Here’s a synopsis of the 2022 FutureFest plays
- “The Wild Boar” by Daniel Damiano of Brooklyn, New York, 8 p.m. Friday, July 15. A newly retired teacher moves to a remote island, seeking nothing but solitude and serenity. However, when a boar arrives at her house one day, an unlikely relationship develops, bringing about unexpected feelings from her past.
- “Griswold” by Angela J. Davis of Los Angeles, California, 10 a.m. Saturday, July 16. Inspired by the history behind the landmark U.S. Supreme Court case that established a right to sexual privacy. Fusing magic realism, docudrama, and comedic truth, the play mines the spirit and drive of the overlooked 65-year-old woman whose actions set the Griswold case in motion.
- “Lakshmi Counts her Arms and Legs” by Holly Hepp-Galván of Astoria, New York, 3 p.m. Saturday, July 16. Based on the true story of Lakshmi Tatma, a child born in rural India with four arms and four legs. People come from miles around to pray for the reincarnation of the goddess Lakshmi. Neurosurgeon Aakil Singh knows the child needs a life-saving operation.
- “The Little Sisters of Littleton” by Kate Katcher of Sandy Hook, Connecticut, 8 p.m. Saturday, July 16. When a recent widow is caught sneaking a man out of the house in the wee hours of the morning, her man-hating sister is forced to confront the ex-husband she divorced over 30 years ago.
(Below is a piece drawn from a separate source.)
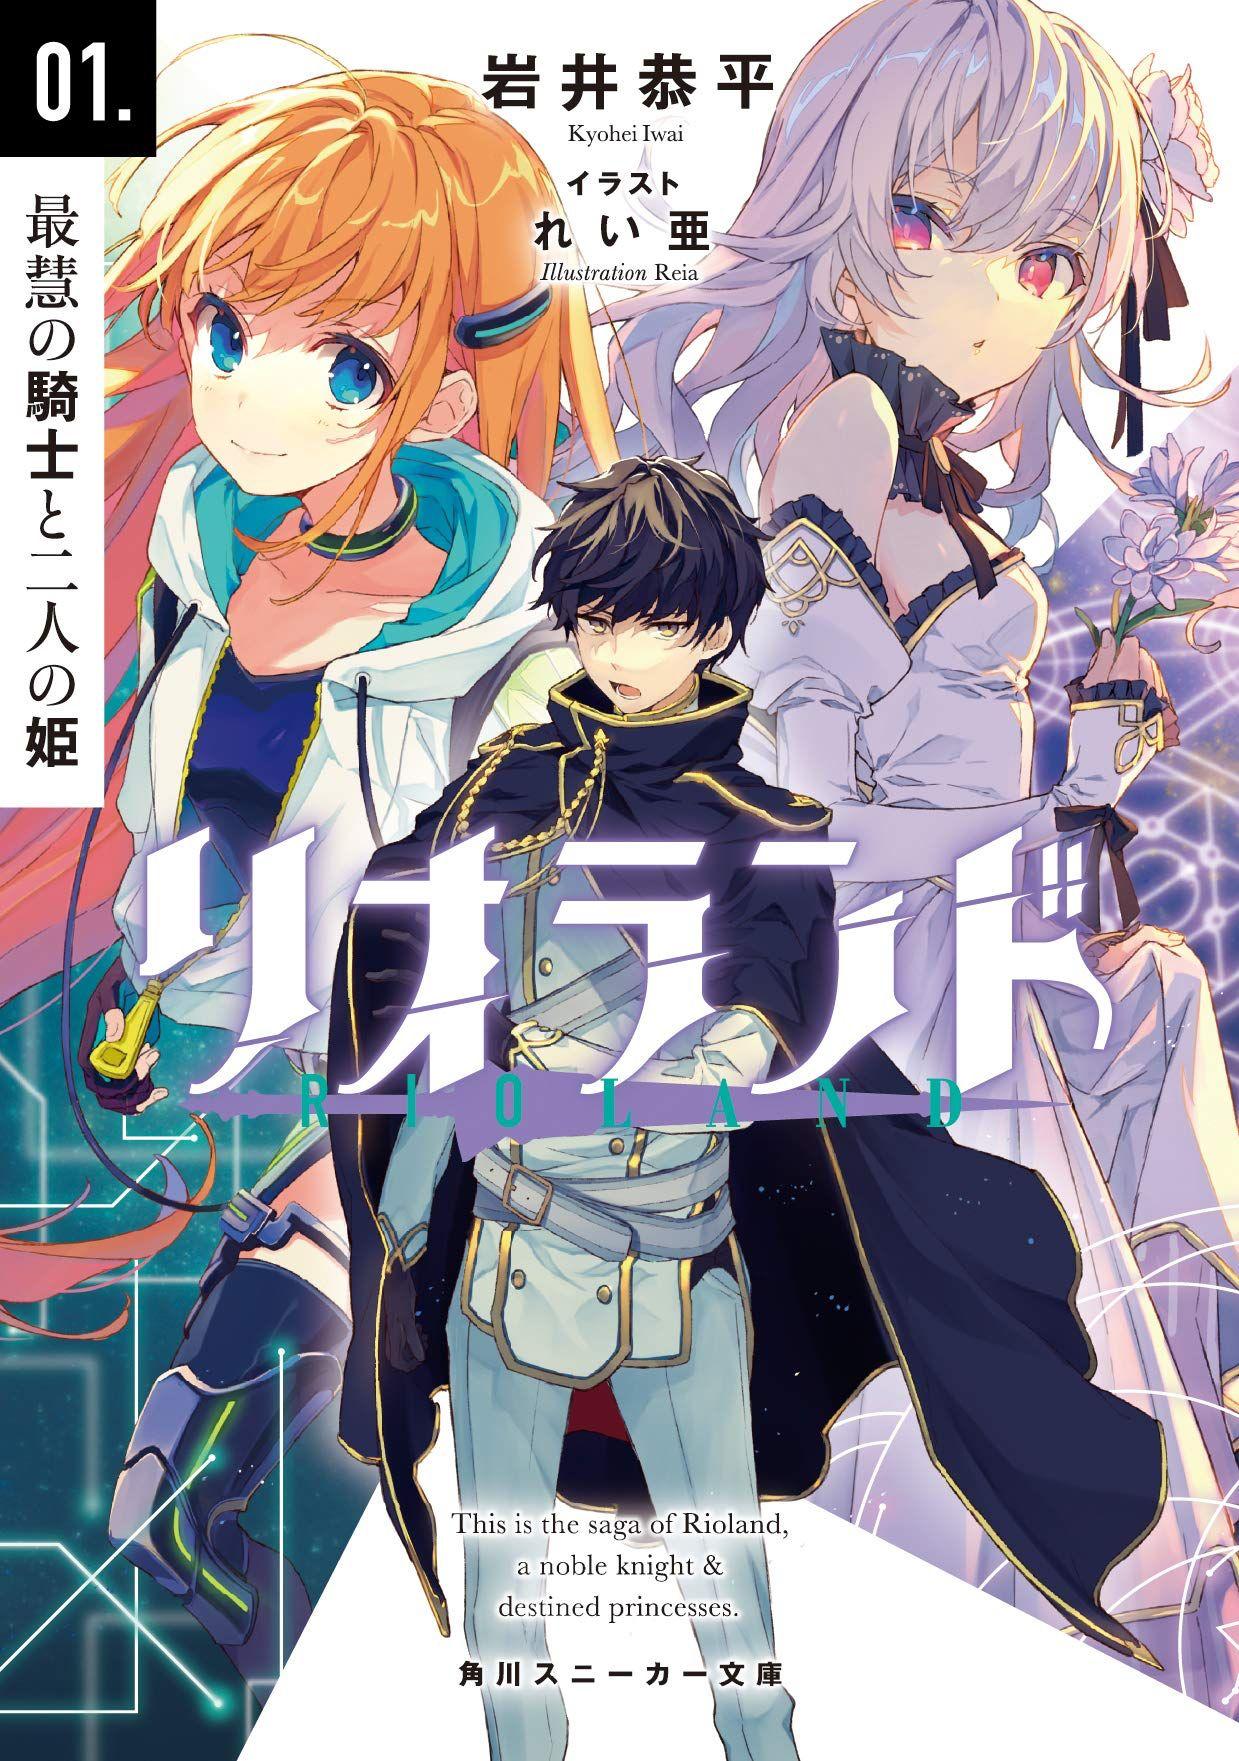 pin de d em イラストレーション anime manga anime personagens de anime

- “Every Livin’ Soul” by William Cameron of Washington Pennsylvania, 10 a.m. Sunday, July 17. The Depression-era drama involves legendary bank robber “Pretty Boy Floyd,” named “Public Enemy No, 1″ by the FBI. Loosely based on a true story, it takes place in the darkest days of the Depression when a stranger finds refuge in an Ohio farmhouse.
- “The Docent” by Donna Kaz of Blue Point, New York, 3 p.m. Sunday, July 17. “The Docent” is grounded in a lecture on the trees of Central Park given by Urban Forestry expert, Edna Gregory. During the course of the lecture, we flashback to Edna’s first encounter with her life’s work – her first job as an Urban Park Ranger in New York City in 1981.
The winning playwright will receive $1,000 at an awards ceremony at 6 p.m. on Sunday, July 17. No tickets are required for this event.